Growing The Wrong Direction?

[American Christianity] is more Petrine than Johannean; more like busy Martha than like the pensive Mary, sitting at the feet of Jesus. It expands more in breadth than in depth. It is often carried on like a secular business, and in a mechanical or utilitarian spirit. It lacks the beautiful enamel of deep fervor and heartiness, the true mysticism, an appreciation of history and the church; it wants the substratum of a profound and spiritual theology; and under the mask of orthodoxy it not infrequently conceals, without intending or knowing it, the tendency to abstract intellectualism and superficial rationalism. This is especially evident in the doctrine of the church and of the Sacraments, and in the meagemess of the worship … [wherein] nothing is left but preaching, free prayer, and singing.

—Philip Schaff, a Swiss theologian, analyzing American Christianity for a German audience in 1854

Risking Success

If a man is centered upon himself the smallest risk is too great for him, because both success and failure can destroy him. If he is centered upon God, then no risk is too great, because success is already guaranteed—the successful union of creator and creature, beside which every thing else is meaningless.
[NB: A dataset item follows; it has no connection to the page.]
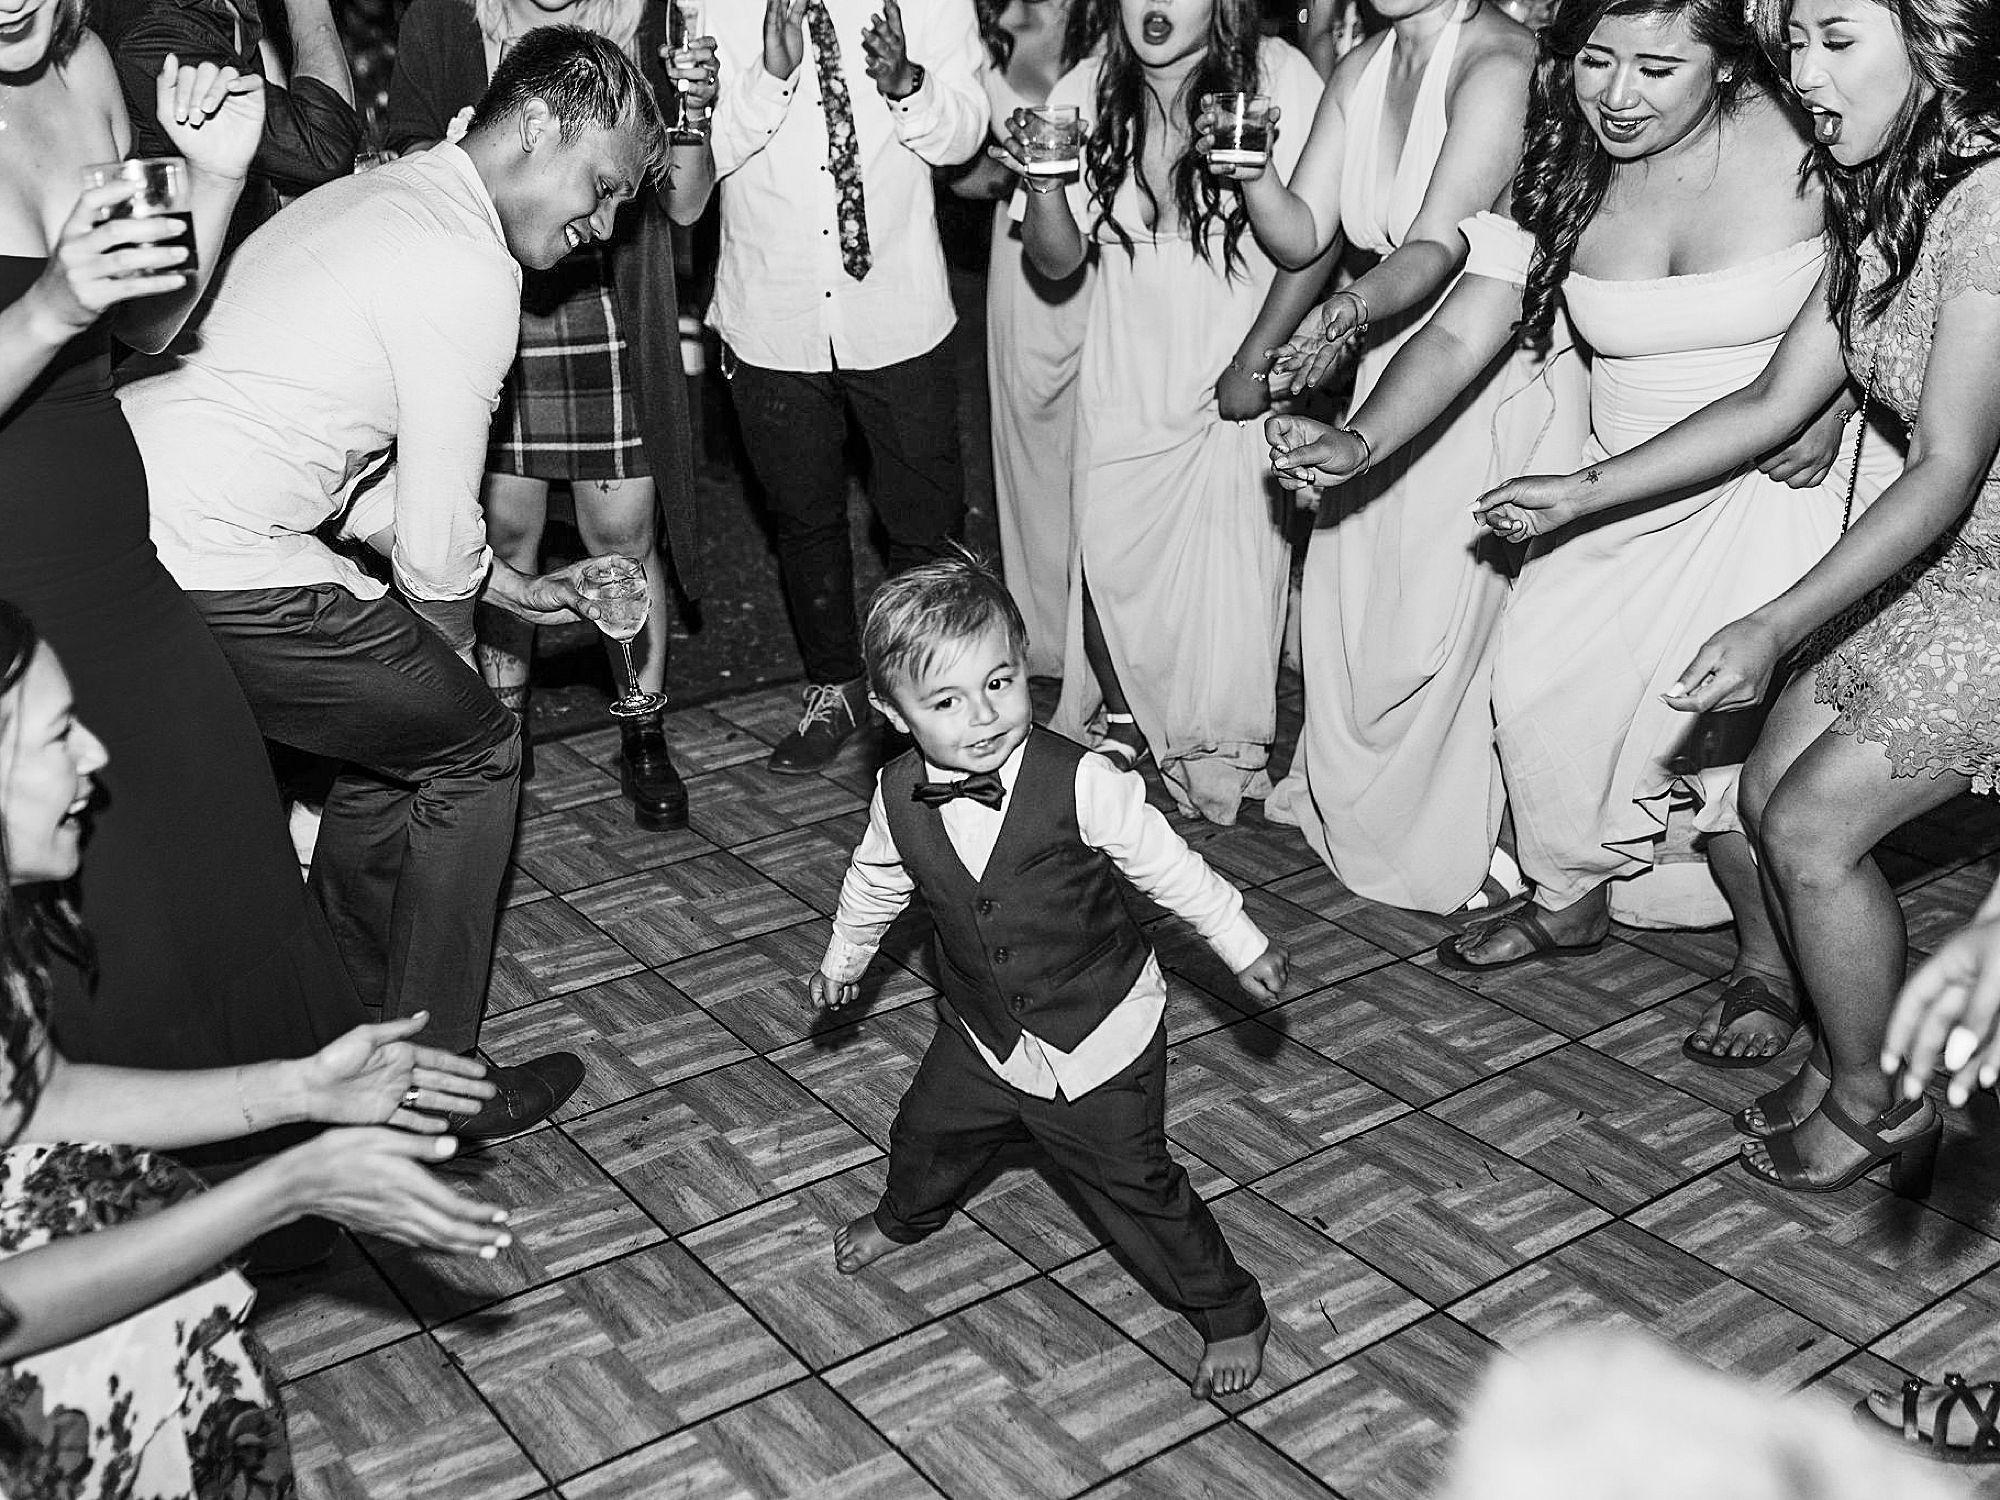 MITCHELLS MOUNTAIN MEADOWS Wedding - Ash Baumgartner - Phallina and Matt - Sierraville Wedding - Tahoe Wedding Photography_0035.jpg

—Morris L. West in The Shoes of the Fisherman

The Sins Of The Fathers

There is a popular school of thought … that violently resents the operation of time upon the human spirit. It looks upon age as something between a crime and an insult. Its prophets have banished from their savage vocabulary all such words as adult, mature, experienced, venerable; they know only snarling and sneering epithets such as middle-aged, elderly, stuffy, senile, and decrepit. With these they flagellate that which they themselves are, or must shortly become, as though abuse were an incantation to exorcise the inexorable. Theirs is neither the thoughtless courage that “makes mouths at the invisible event,” nor the reasoned courage that foresees the event and endures it; still less is it the ecstatic courage that embraces and subdues the event.…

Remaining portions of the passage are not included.